In this video, we'll begin the proof of
the master method. The master method,
you'll recall, is a generic solution to
recurrences of the given form, recurrences
in which there's a recursive calls, each
on a sub-problem of the same size, size n
over b, assuming that the original problem
had size n. And, plus, there is big O of n
to the d work done by the algorithm
outside of these a recursive calls. The
solution that the master method provides
has three cases, depending on how a
compares to b to the d. Now. This proof
will be the longest one we've seen so far
by a significant margin. It'll span this
video as well as the next two. So let me
say a few words up front about what you
might want to focus on. Overall I think
the proof is quite conceptual. There's a
couple of spots where we're going to have
to do some computations. And the
computations I think are worth seeing once
in your life. I don't know that they're
worth really committing to long term
memory. What I do think is worth
remembering in the long term however, is
the conceptual meaning of the three cases
of the master method. In particular the
proof will follow a recursionary approach
just like we used in the running time
analysis of the Mertshot algorithm. And it
worth remembering what three types of
recursion trees the three cases Is that
the master method corresponds to. If you
can remember that, there will be
absolutely no need to memorize any of
these three running times, including the
third, rather exotic looking one. Rather,
you'll be able to reverse engineer those
running times just from your conceptual
understanding of what the three cases mean
and how they correspond to recursion trees
of different type. So, one final comment
before we embark on the proof. So, as
usual, I'm uninterested in formality in
its own sake. The reason we use
mathematical analysis in this course, is
because it provides an explanation of,
fundamentally, why things are the way they
are. For example, why the master method
has three cases, and what those three
cases mean. So, I'll be giving you an
essentially complete proof of the master
method, in the sense that it has all of
the key ingredients. I will cut corners on
occasion, where I don't think it hinders
understanding, where it's easy to fill in
the details. So, it won't be 100 percent
rigorous, I won't dot every I and cross
every t, but. There will be a complete
proof, on the conceptual level. That being
said, let me begin with a couple of minor
assumptions I"m going to make, to make our
lives a little easier. So first, we're
gonna assume that the recurrence has the
following form. So, here, essentially, all
I've done is I've taken our previous
assumption about the format of a
recurrence, and I've written out all of
the constants. So, I'm assuming that the
base case kicks in when the input size is
one, and I'm assuming that the number of
operations in the base case is at most c,
and that, that constant c is the same one
that was hidden in the big O notation of
the general case of the recurrence. The
constant c here isn't gonna matter in the
analysis, it's just all gonna be a wash,
but to make, keep everything clear, I'm
gonna write out all the constants that
were previously hidden in the big O
notation. Another assumption I'm going to
make. Now goes to our murtured analysis,
is that N is a power of B. The general
case would be basically the same, just a
little more tedious. At the highest level,
the proof of the master method should
strike you as very natural. Really, all
we're going to do is revisit the way that
we analyze Merge Short. Recall our
recursion tree method worked great, and
gave us this [inaudible] log [inaudible],
and the running time of Merge Short. So
we're just gonna mimic that recursion
tree, and see how far we get. So let me
remind you what a recursion tree is. At
the roots, at level zero, we have the
outermost, the initial indication of the
recursive algorithm. At level one, we have
the first batch of recursive calls. At
level two, we have the recursive calls
made by that first batch of recursive
calls, and so on. All the way down to the
leaves of the tree, which correspond to
the base cases, where there's no further
recursion. Now, you might recall, from the
Merge Sort analysis that we identified a
pattern that was crucial in analyzing the
running time. And that pattern that we had
to understand was, at a given [inaudible]

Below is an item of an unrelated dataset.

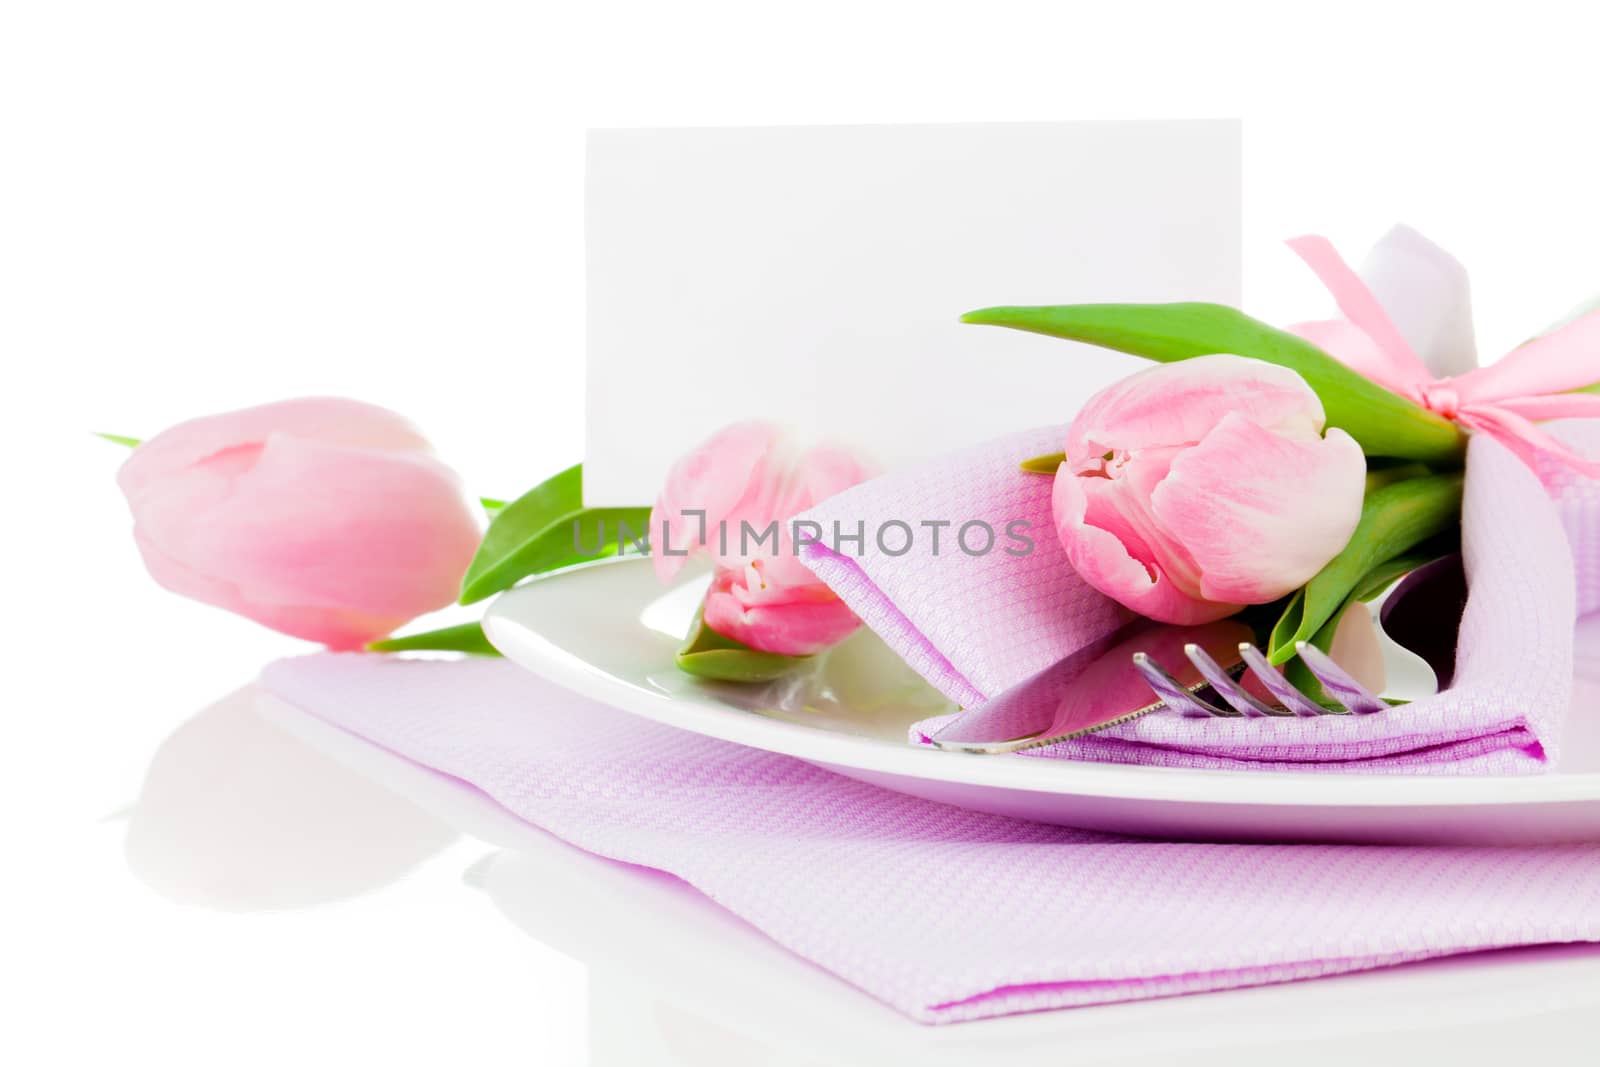 pink tulips in a plate, on a white background. romantic still life with fresh flowers

J, at a given level J of this recursion
tree. First of all, how many distinct
subproblems are there at level J? How many
different level J [inaudible] are there?
And secondly, what is the input size that
each of those level J subproblems has to
operate on? So think about that a little
bit and give your answer in the following
quiz. So the correct answer is the second
one. At level J at. Of this recursion
tree, there are A to, to the J
sub-problems and each has an input of size
of N over B to the J. So first of all, why
are there A to the J sub-problems? Well,
when J equals zero at the root, there's
just the one problem, the original
indication of the recursive algorithm. And
then each. Call to the algorithm makes a
further calls. For that reason the number
of sub problems goes up by a factor of A
with each level leading to A to the J sub
problems at level J. Similarly, B is
exactly the factor by which the input size
shrinks once you makea recursive call. So
J levels into the recursion. The input
size has been shrunk J times by a fctor of
B each time. So the input size at level J
is N over B to the J. That's also the
reason why, if you look at the question
statement, we've identified the numbers of
levels as being log of base B. Of N. Back
in Merge Short, B was two. We [inaudible]

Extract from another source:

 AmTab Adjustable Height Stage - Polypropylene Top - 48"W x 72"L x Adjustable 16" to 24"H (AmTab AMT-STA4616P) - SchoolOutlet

on half the array. So the leaves all
resided at level log base two of N. In
general, if we're dividing by a factor B
each time, then it takes a log based B of
N times before we get down the base cases
of size of one. So the number of levels
overall, zero through log base B event.
For a total of log based B event plus one
levels. Here then is what the recursion
tree looks like. At level zero we have the
root corresponding to the outer most call.

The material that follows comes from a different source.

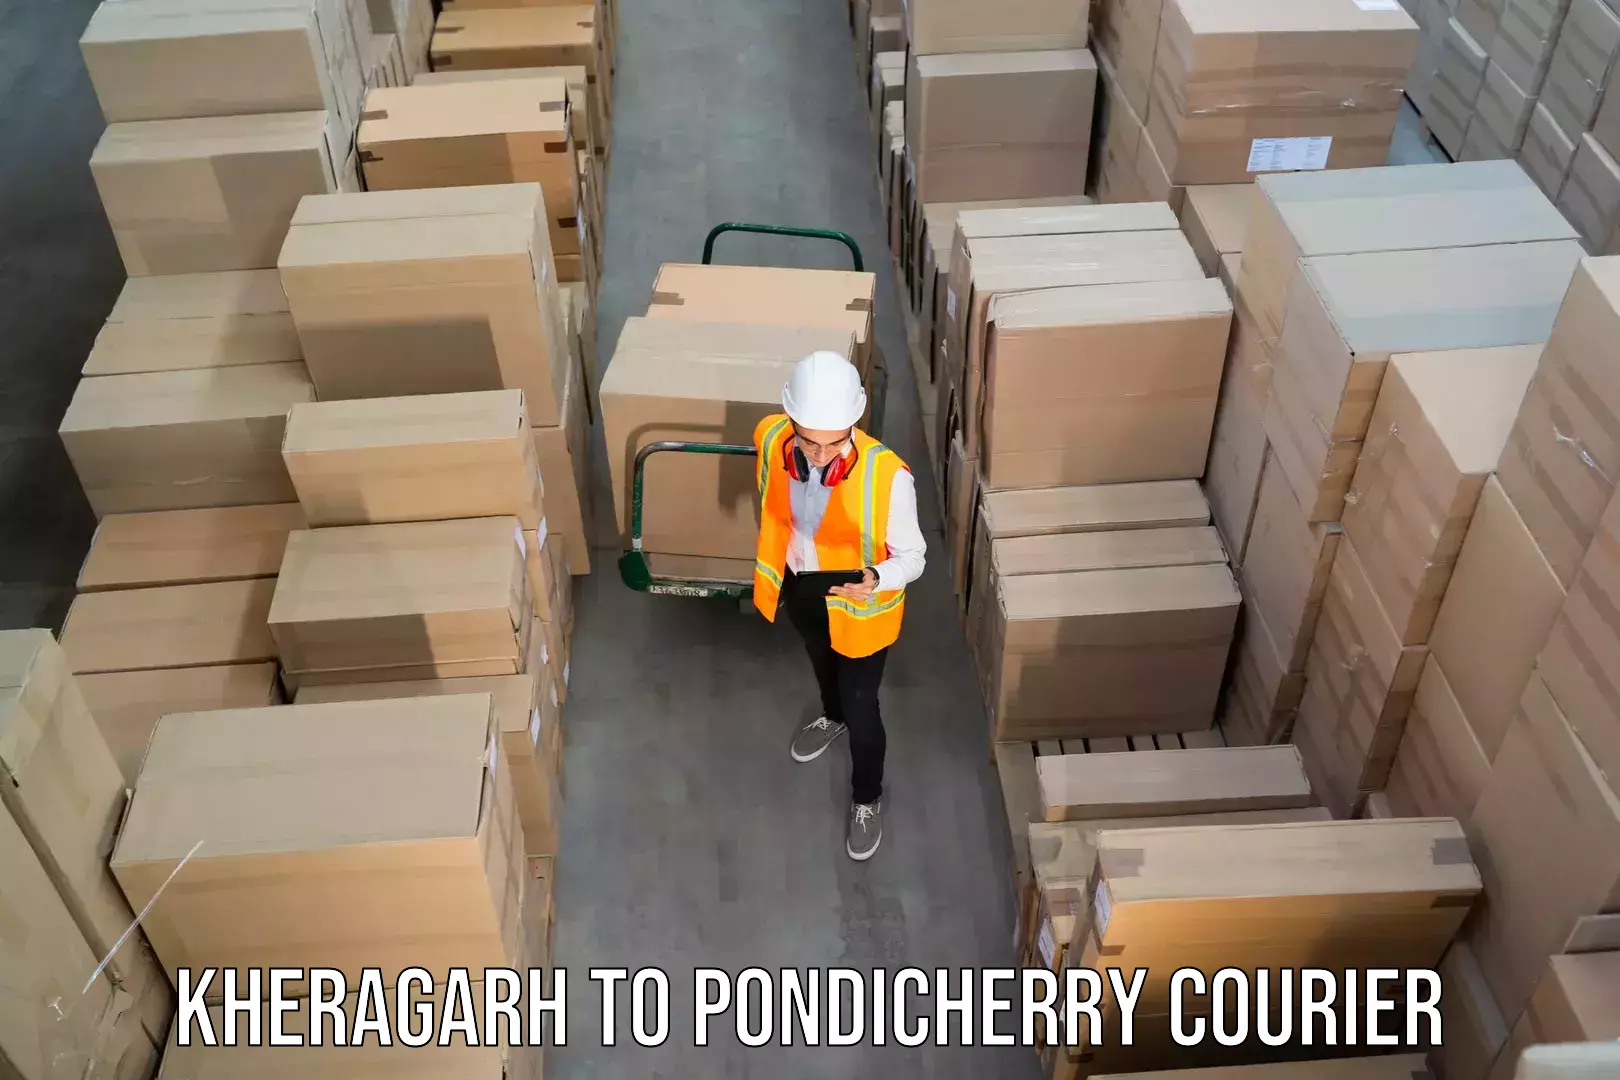 Parcel service for businesses Kheragarh to Pondicherry

And the input size here is N. The original
problem. Children of a node correspond to
the recursive calls. Because there are A.
Recursive calls by assumption, there are
A. Children or A. Branches. Level one is
the first batch of precursor calls. Each
of which operates on an input of size N
over B. That level log base B. Of N. We've
cut the input size by a factor of B. This
many times, so we're down to one. So that
triggers the base case. So now, the plan
is to simply mimic our previous analysis
of Merge Sort. So let's recall how that
worked. What we did is we zoomed in, in a
given level. And for a given level J, we
counted the total amount of work that was
done at level J subproblems, not counting
work that was gonna be done later by
recursive calls. Then, given a bound on
the amount of work at a given level J, we
just summed up overall, the levels, to
capture all of the work done by all of
the, recursive indications of the
algorithm. So inspired by our previous
success let's zoom in on a given level J.,
and see how much work gets done, with
level J. Sub problems. We're going to
compute this in exactly the way we did in
merge sort. And we were just going to look
at the number of problems that are at
level J and we're going to multiply that
by a bound on the work done per
sub-problem. We just identified the number
of level J sub-problems as A to the J. To
understand the amount of work done for
each level j sub-problem, let's do it in
two parts. So, first of all, let's focus
on the size of the input for each level j
sub-problem. That's what we just
identified in the previous quiz question.
Since the input size is being decreased by
a factor b each time, the size of each
level j sub-problem is n over b to the j.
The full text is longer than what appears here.